May 23rd, 2011 · No Comments

Storm clouds gathering over Europe. Things are looking bleak, really bleak…


A year or so ago we told you that Greece was bankrupt, that it was facing only impalatable choices, but that the European rescue efforts bought time.

A year later things haven’t improved, quite the contrary:

  • It’s clearer than ever that Greece is bankrupt, the situation is so dire that there is even talk about Greece leaving the euro
  • While Germany battles with the ECB for a restructuring of Greek debt (and the ECB is not playing ball, to put it mildly), Greece seems to have little cash left
  • While selling assets like public companies looks to be the last card the Greeks can play, there are some awkward questions to be asked here (see the end of the article linked directly above)
  • In these crucial times, a crucial person (DSK) seems to have succumbed to an overdose of testosterone
  • The rot has spread to Ireland and Portugal
  • And is spreading towards Spain, Italy, Belgium
  • In Spain, like everywhere on the EU periphery, the population is tired of austerity with almost 22% unemployment and 45% youth unemployment. The latter in particular 
  • S&P lowers Italy’s debt outlook to negative but it’s government (the Prime Minister in particular) have ‘other’ worries and preoccupations..
  • The economic divide between core and periphery in Europe is widening, with several Northern European countries posting stellar growth, prompting the ECB to rate hikes which send the euro higher (albeit recently coming of the highs near $1.5), the last thing the PIIGS need.

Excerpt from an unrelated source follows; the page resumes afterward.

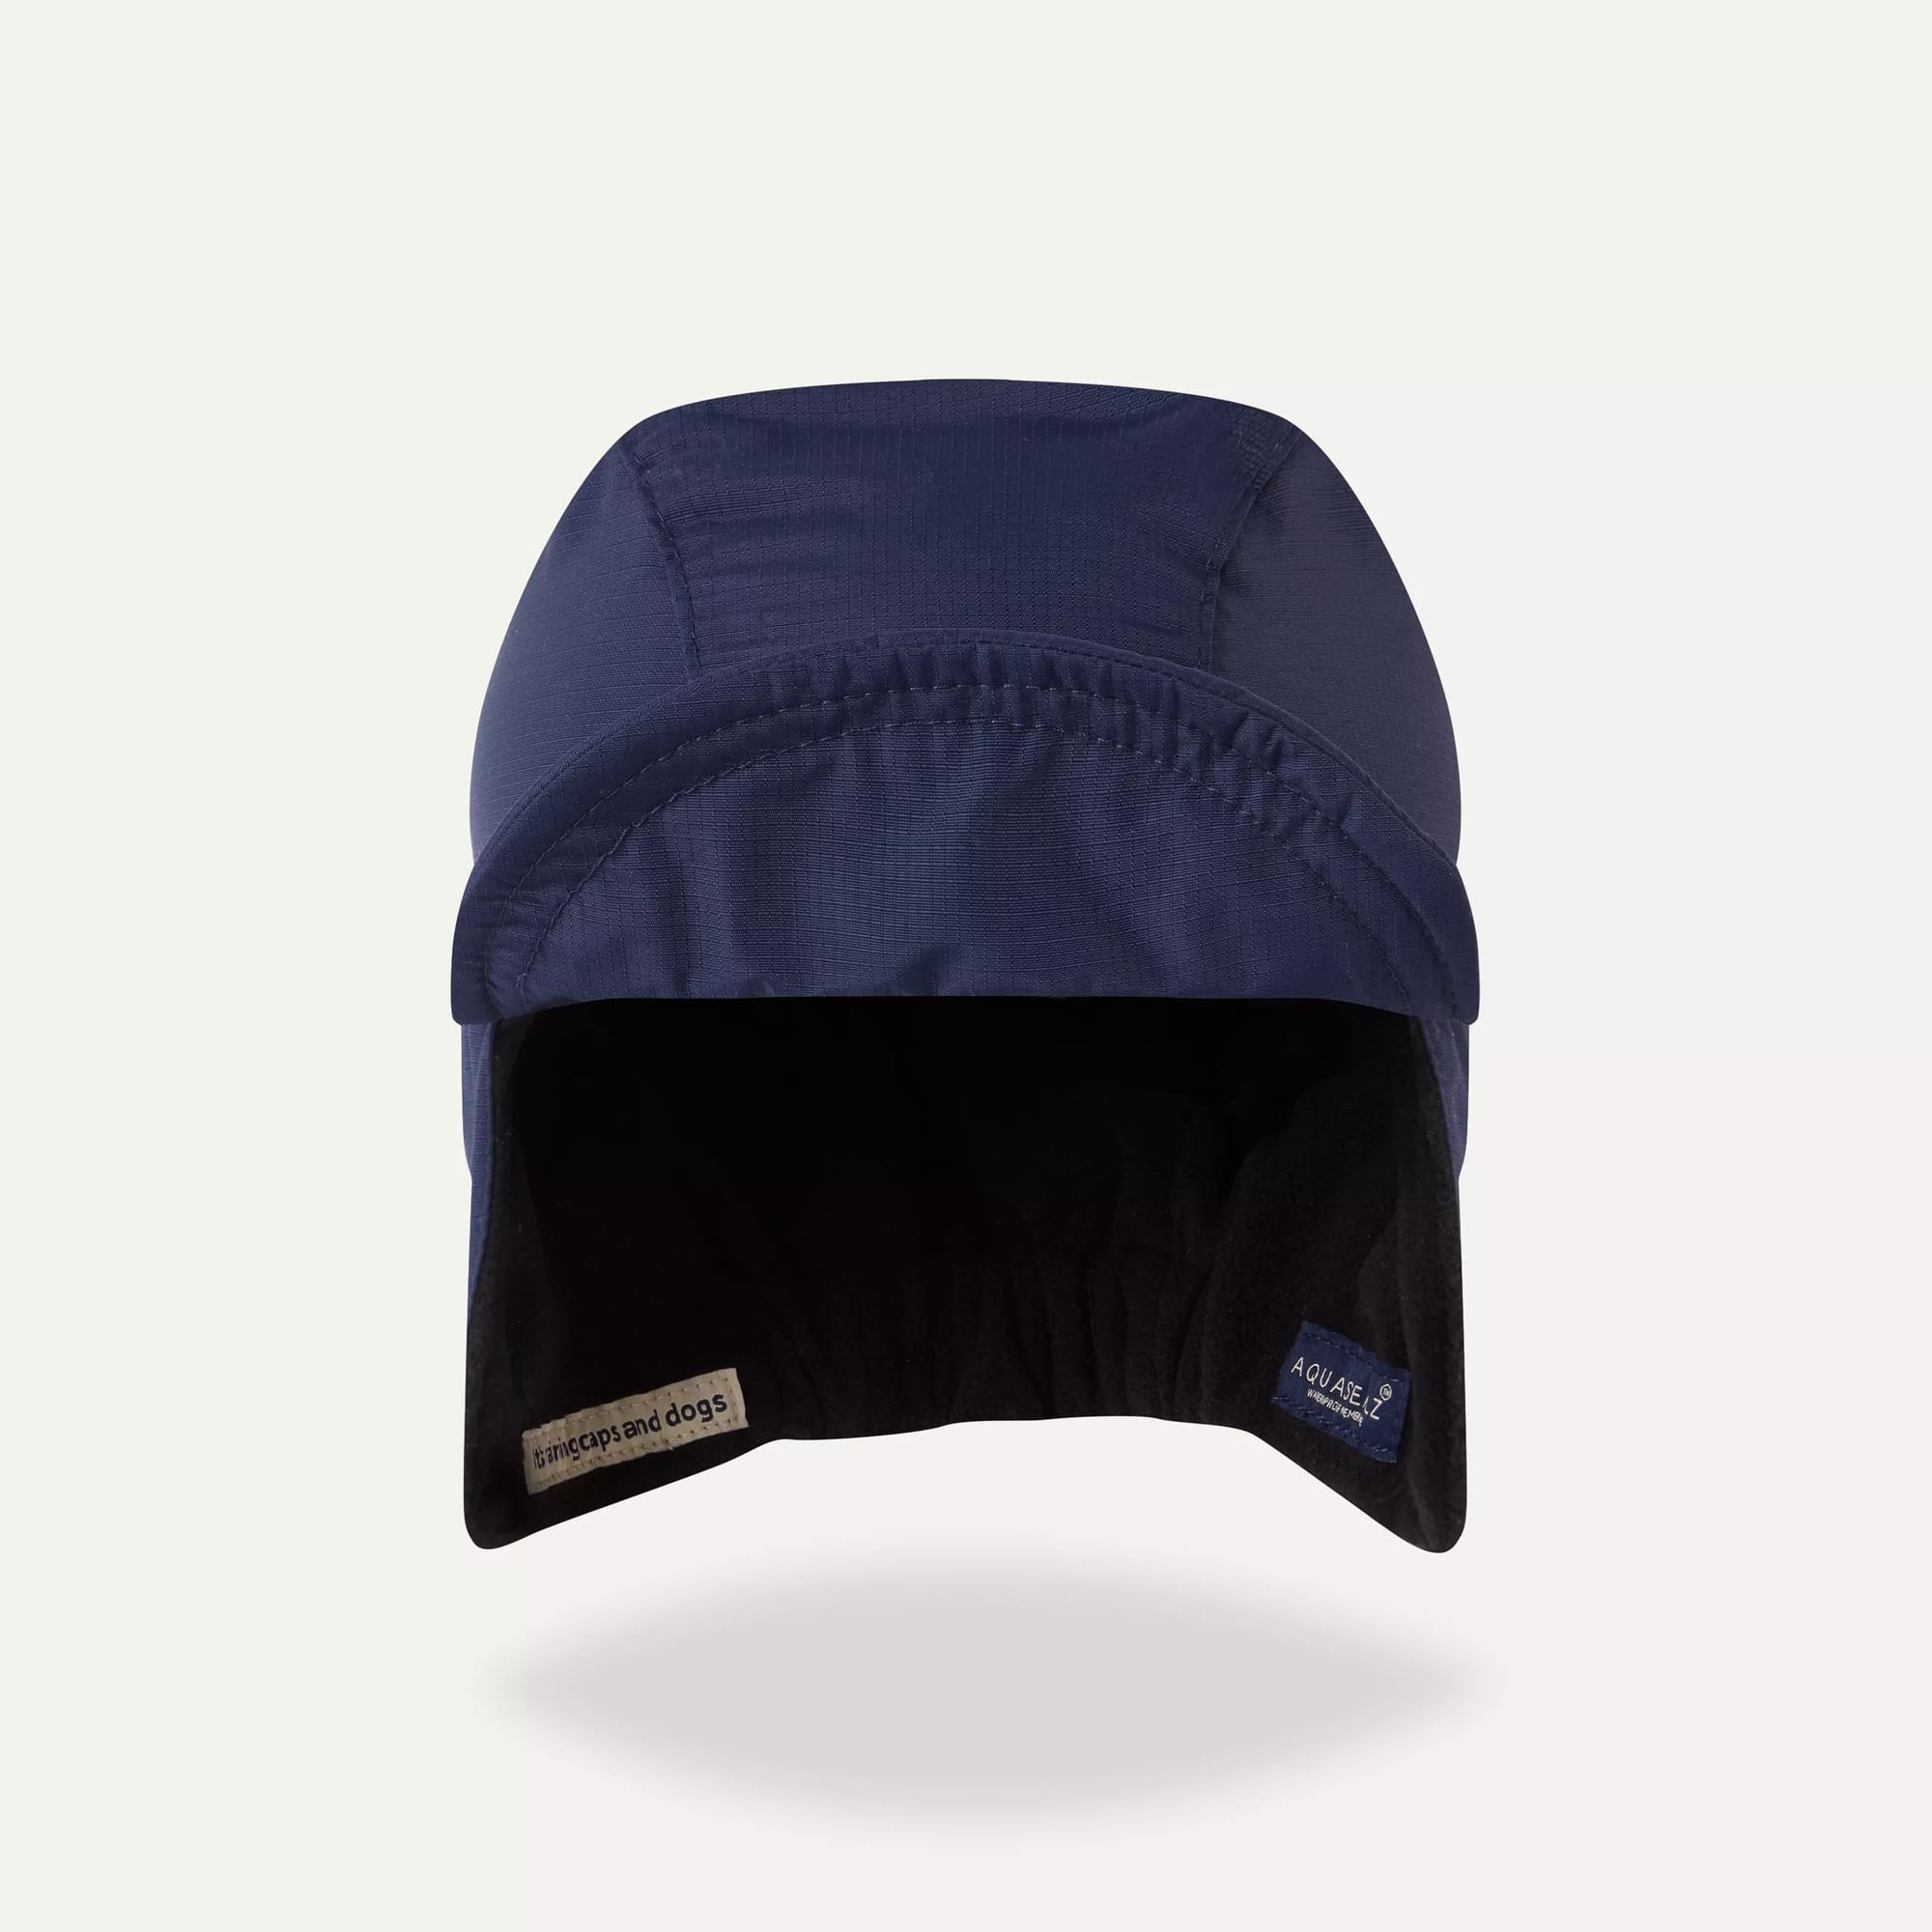 Rain Hats & Weatherproof Caps - Village Hat Shop

The truth has always been:

  1. Most of the PIIGS have a spiraling debt problem, as well as a competitiveness problem
  2. While some inflation would help the debt problem, it would worsen their competitiveness, a real Catch-22
  3. Bound by the euro, they can’t devalue (and thereby restructure it’s debt), like Argentina did in 2002 in similar circumstances
  4. Austerity was always going to make things worse in the short-run
  5. There always was an upper limit to the population’s tolerance of this. Whole generations in Greece, Ireland, Portugal and Spain lay to waste
  6. There always was an upper limit to the tolerance of ‘European solidarity’. For too long, the European political class has used the EU as a scapegoat for unpopular measures while taking policies were often far ahead of the public. This strategy is now risking a serious backlash.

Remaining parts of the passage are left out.